Есть «миф» и миф. В этой статье имеется в виду историческиопределенная категория, мифологическое мироощущение в буквальном смысле слова. Конечно, всякая дифференцированная и зрелая культура (в том числе античная и средневековая) переступает рамки мифа. Миф в чистом виде – это скорей предкультурное состояние, библейский Хаос, древнейшие, темные и аморфные первоначала, кодовые схемы человеческого мироотношения. Это «доосевое время», синкретичное сознание варваров, будь то ахейцы, иудеи, славяне, германцы или кельты. Культура здесь еще растворена в жизнедеятельности. Она совпадает с исчерпывающей и всепроникающей регламентацией, в которой стремится утвердить себя неокрепшая, сырая социальность. В обществе, пропитанном инстинктивностью и формализмом социального поведения (составляющими обязательное взаимное условие), всякий поступок ритуализован и воспринимается в двух планах: реально-житейском и магическом. Точнее: два плана различаем мы, для варваров же существовал лишь один план, в такой мере один, что символическое мышление им, в сущности, еще неведомо, сакральность слишком глубока и спонтанна, чтобы быть осознанной в качестве таковой. Миф здесь единственно возможная коллективистская форма культуры, он настолько доподлинен, что пока ни в коей мере не стал «мифом».
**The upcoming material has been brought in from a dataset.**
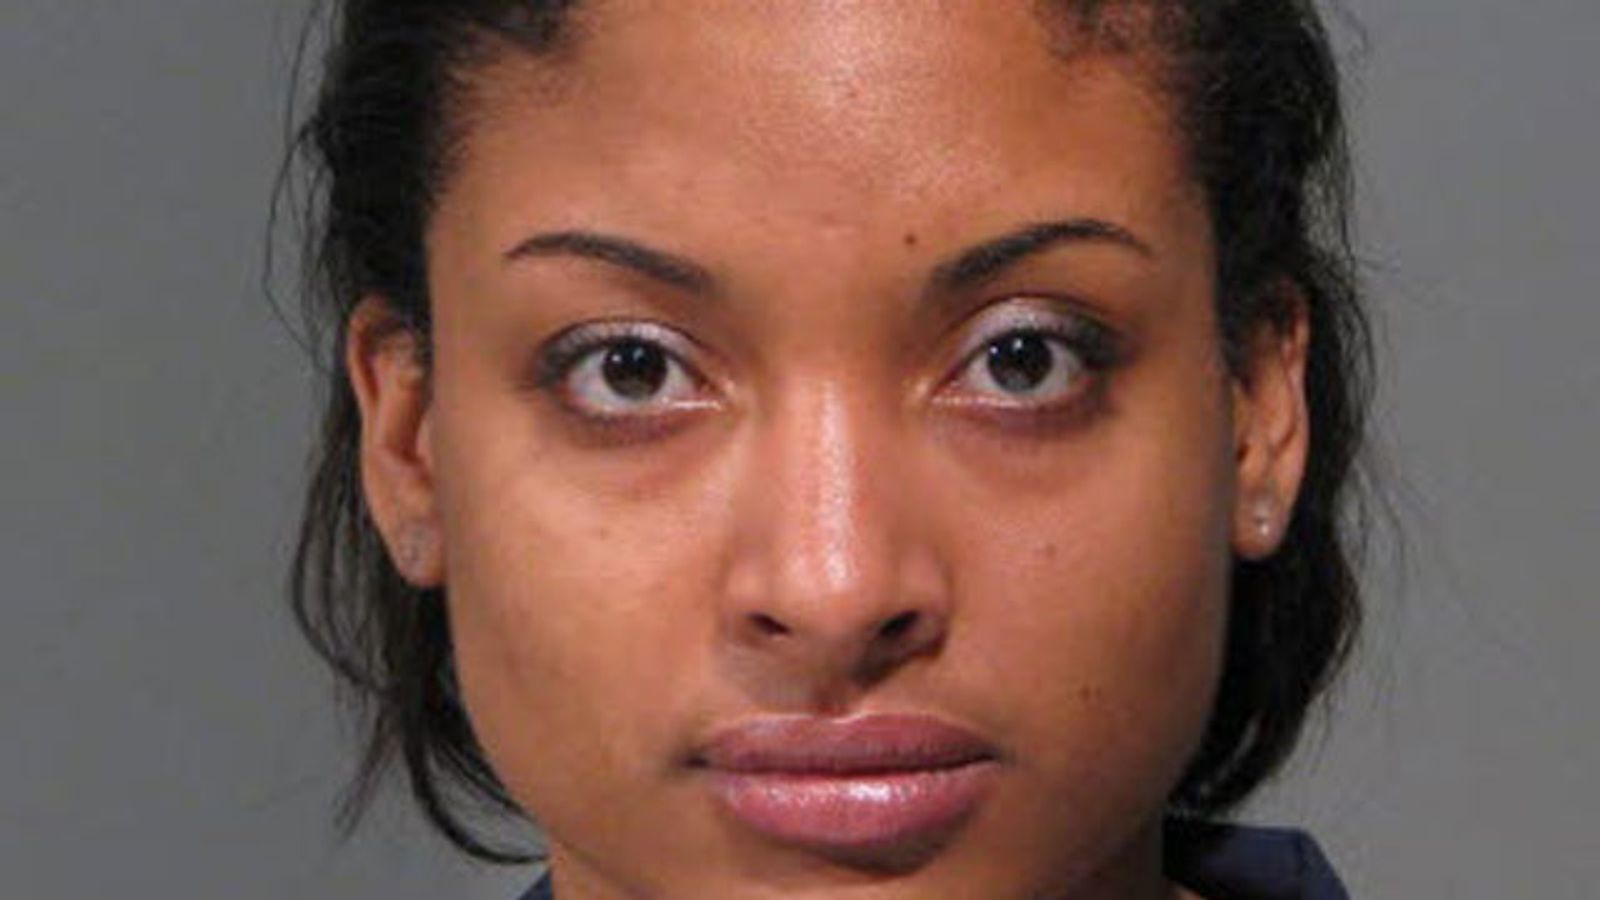 Sierra Sanchez Pleads Guilty to Single Prostitution Charge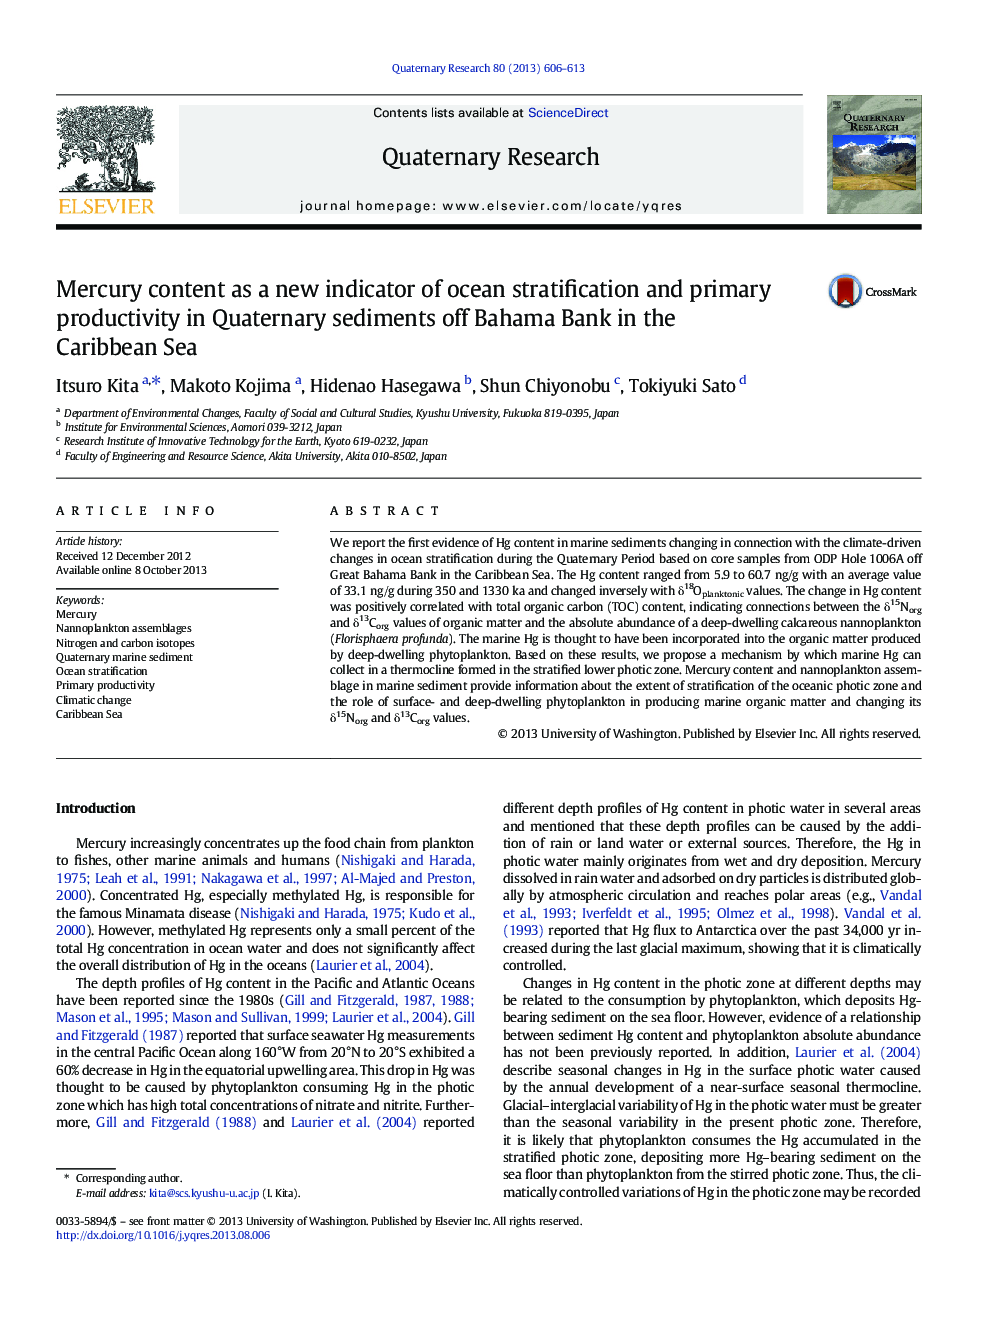 Mercury content as a new indicator of ocean stratification and primary productivity in Quaternary sediments off Bahama Bank in the Caribbean Sea

Затем начинается рефлексия. Уже развитая религиозно-теологическая система (языческая, христианская, исламская, буддийская и т. д.) несводима к мифологии. Отпочкование философии, логики, этики, историографии, поэтики неизбежно означает разложение мифа и его критику (изнутри или с позиций другого мифа). Исходной наивной форме мифа противопоставляется утонченное философствование. С другой стороны, миф может растворяться в бытовой утилитарности, его начальная острая суть выветривается и стирается. Все же в традиционалистских, докапиталистических обществах именно миф остается почвой и доминантой культуры. Если сакральность естественна и привычна для обыденного сознания массы, возможны возвышение над мифологией и отталкивание от нее, но не простой разрыв и забвение. Не только греческие трагики, но и Платон, и даже Аристотель и Эпикур несли на себе отсветы мифа. Зевс, Афина, Дионис, Аполлон сохраняли некую неизбывную значительность (пусть не в персоналистском, непосредственном смысле) для средне-культурного, а значит, и для сверхрафинированного ума. То же самое произошло с библейскими образами и понятиями. Для Возрождения христиански-античная идеографика и словесная эмблематика еще раз послужили как нечто живое – возможно, меньшее, чем символ, но гораздо большее, чем аллегория (формулировка заимствована у С. Аверинцева).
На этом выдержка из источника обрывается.